Toyota Closes NUMMI Plant in California
The curtain closes this week on an iconic scene in American industrial history, when the last Tacoma truck and Toyota Corolla roll off the NUMMI assembly line in Fremont, California. Thus ends the last act of a drama in which 4,700 workers lost their jobs and the only major automotive factory west of the Rockies closed its doors.
The New United Motor Manufacturing Inc. plant, fondly referred to as NUMMI, opened in 1984 and continued for roughly 25 years. In that time it produced about 7.7 million cars and trucks at the massive 5.3 million sq.ft. complex.
In the beginning, NUMMI was hailed as a bold experiment, in which a unionized American manufacturing force melded with Japanese management. NUMMI was a joint venture between General Motors and Toyota, which skeptics dismissed as strange bedfellows.

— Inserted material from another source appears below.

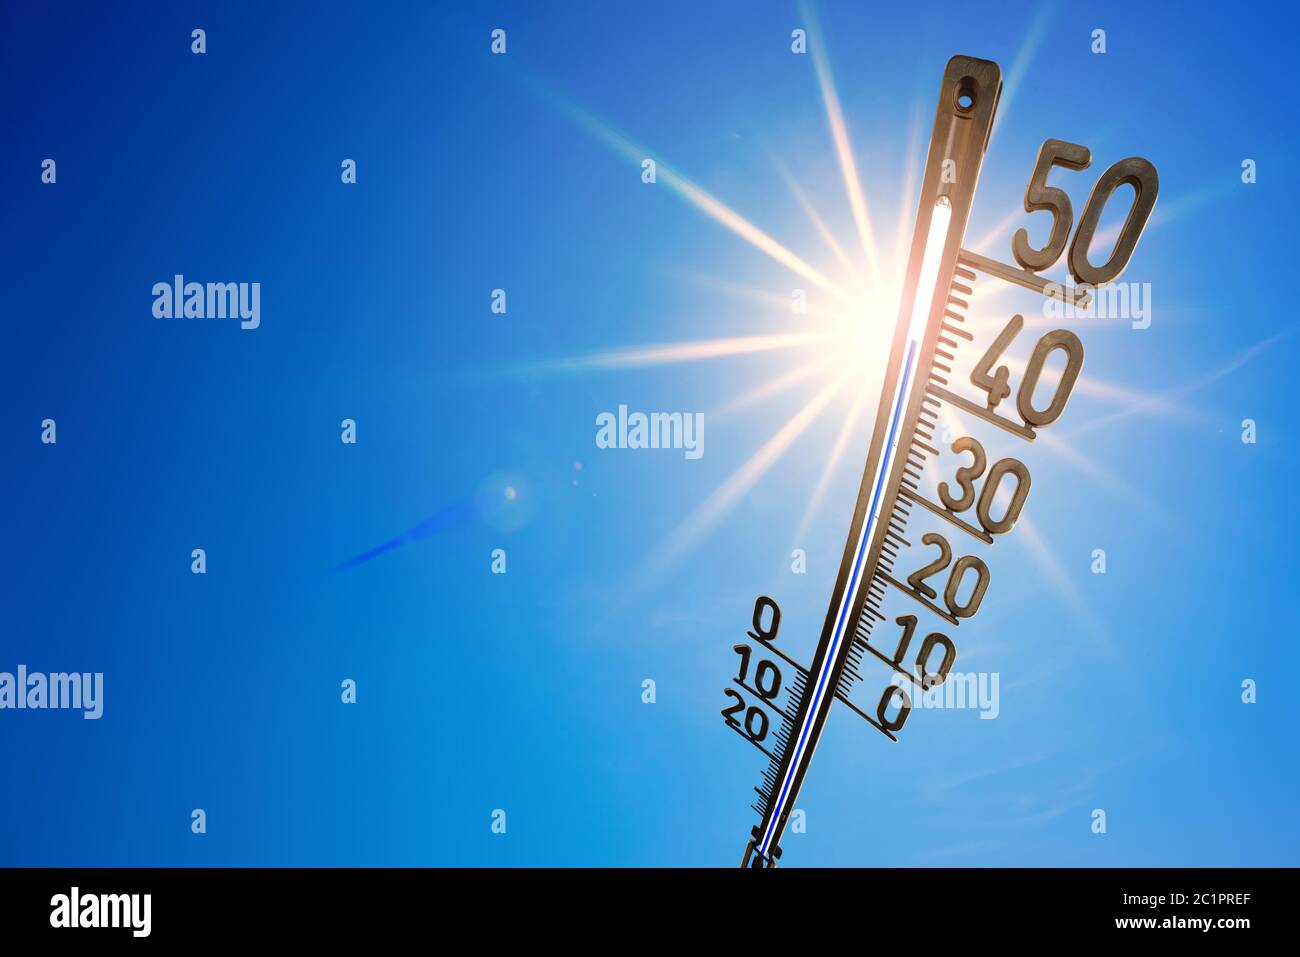 Verano caliente o fondo de ola de calor, sol brillante sobre cielo azul con termómetro Foto de stock

But the relationship turned out to benefit both. Toyota got a “Made in USA” gloss to its products and GM got Japanese manufacturing expertise. The UAW workers were introduced to “kaizan,” the Japanese concept of continuous improvement. The NUMMI marriage lasted amicably for a quarter century of production. But when GM hit the skids last year and pulled out of their venture, Toyota just couldn’t hold on to NUMMI alone.
Despite months of warning and generous severance packages, the union workers express disappointment and devastation. A pall of disbelief hangs in the Bay Area air. A remarkable number of employees are quoted as saying that the atmosphere at the plant was like a family. Many express personal and professional pride in the factory’s well-known record for quality. While Toyota, like every car manufacturer, is occasionally plagued with design defects, NUMMI had a reputation for rarely letting a mechanical defect roll out the door.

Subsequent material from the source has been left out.